Contents of the box in this case: RRR

Total number of balls in the box = 3

Number of yellow balls = 0

Number of red balls = 3

Probability of yellow balls = Number of yellow balls / Total number of balls

= 0/3 = 0

Probability of red balls = Number of red balls / Total number of balls

= 3/3 = 1

Probability of getting RYRRR in five picks with replacement is:

P(RYRRR) = P(R) x P(Y) x P(R) x P(R) x P(R)

= 1 x 0 x 1 x 1 x 1

= 0

### How many red balls in the box? – Answer

So far we have analyzed four scenarios to find which scenario has the highest likelihood of giving the result RYRRR. The probabilities are found as:

• Scenario – 1 : YYY in box : P(RYRRR) = 0
• Scenario – 2 : YYR in box : P(RYRRR) = 0.0082
• Scenario – 3 : YRR in box : P(RYRRR) = 0.0658
• Scenario – 4 : RRR in box : P(RYRRR) = 0

The third scenario YRR has the highest probability 0.0658. So if you want the outcome as RYRRR, then the input should have been YRR (1 yellow, 2 red balls) in the box. Because this scenario has the maximum chance (maximum likelihood) of giving the output RYRRR.

As we were initially asked the question “How many red balls are present in the box?”, now you know the answer. There are 2 red balls in the box. (Because the scenario YRR gives maximum likelihood).

The variable you are predicting is called theta. Here you are predicting the number of red balls in the box. So theta is the number of red balls in the box, which is found out using maximum likelihood estimation (MLE) as theta = 2.

## Maximum Likelihood in Machine Learning

We have just seen a simple example of predicting the number of red balls in the box.

In machine learning, you do prediction problems. You will be using machine learning models which uses some parameters. You will need to predict the best set of parameters of the model, so that the model will best fit the data.

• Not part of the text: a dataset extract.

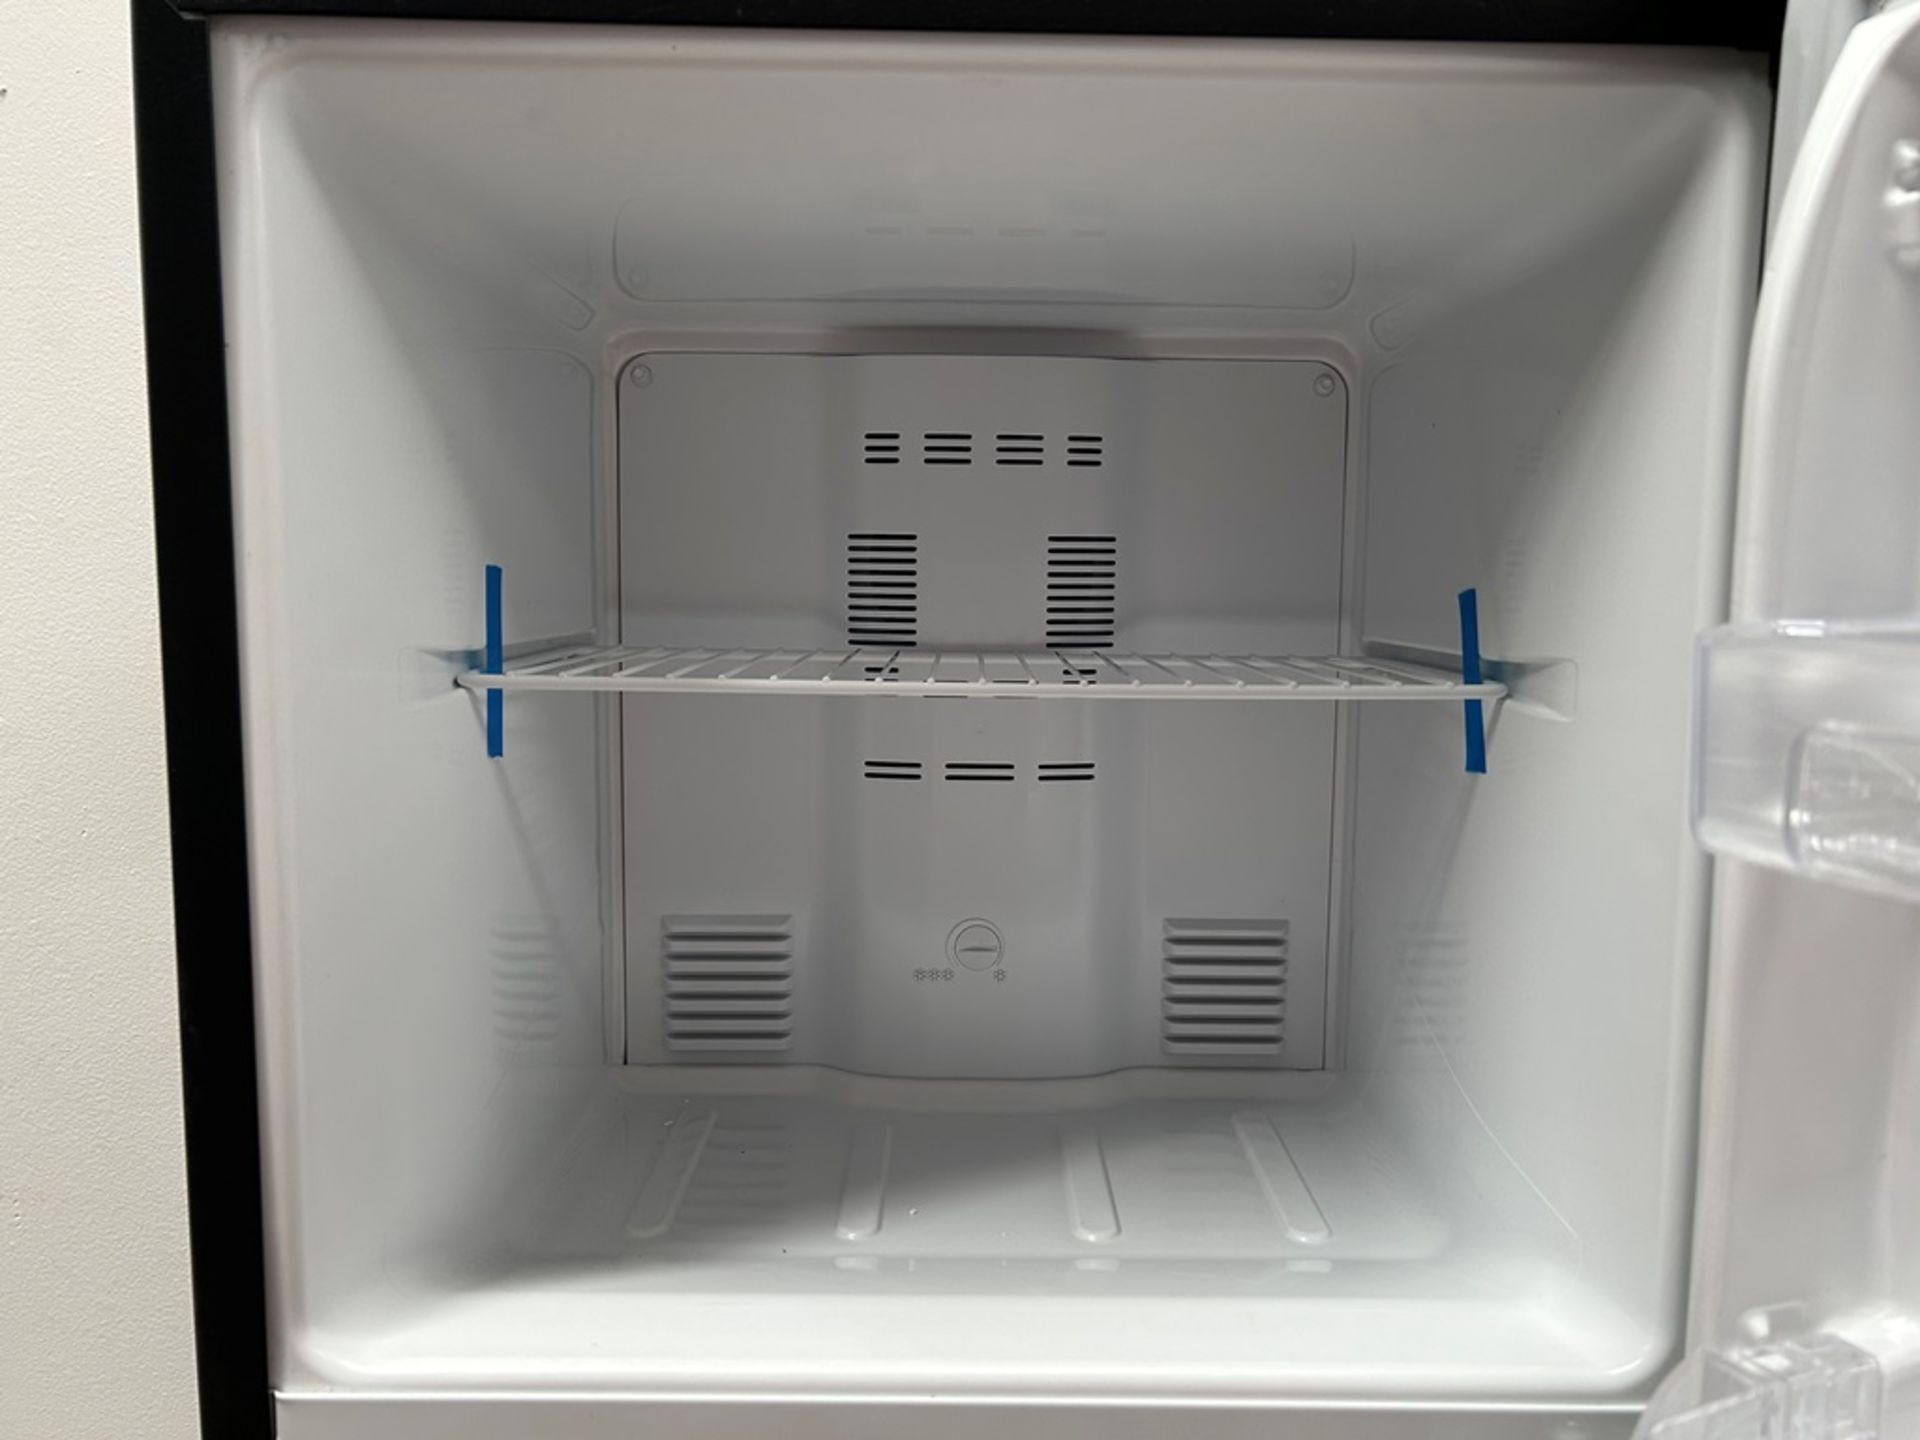 Lote de 2 refrigeradores contiene: 1 refrigerador Marca MABE, Modelo RMA250PVMRP0, Serie 13859, Col - Image 5 of 18

For example, in linear regression, a best fit line is what the model needs to predict. A simple equation of line is y = mx + c. Here, m is slope and c is the y-intercept. These are the parameters which has to be predicted.

I mentioned it as simple equation because, it has only one dependent variable x. Usually, there will be many dependent variables. So, you will be predicting the coefficient of each variable, and the constant c.

In machine learning problems, what you want is a line which gives the least possible error. You have to estimate which parameters has the maximum chance (maximum likelihood) of giving such an output – similar to the balls in a box example we saw above.

In the example, we just predicted one variable – the number of red balls in the box. In machine learning, there will be many variables to predict.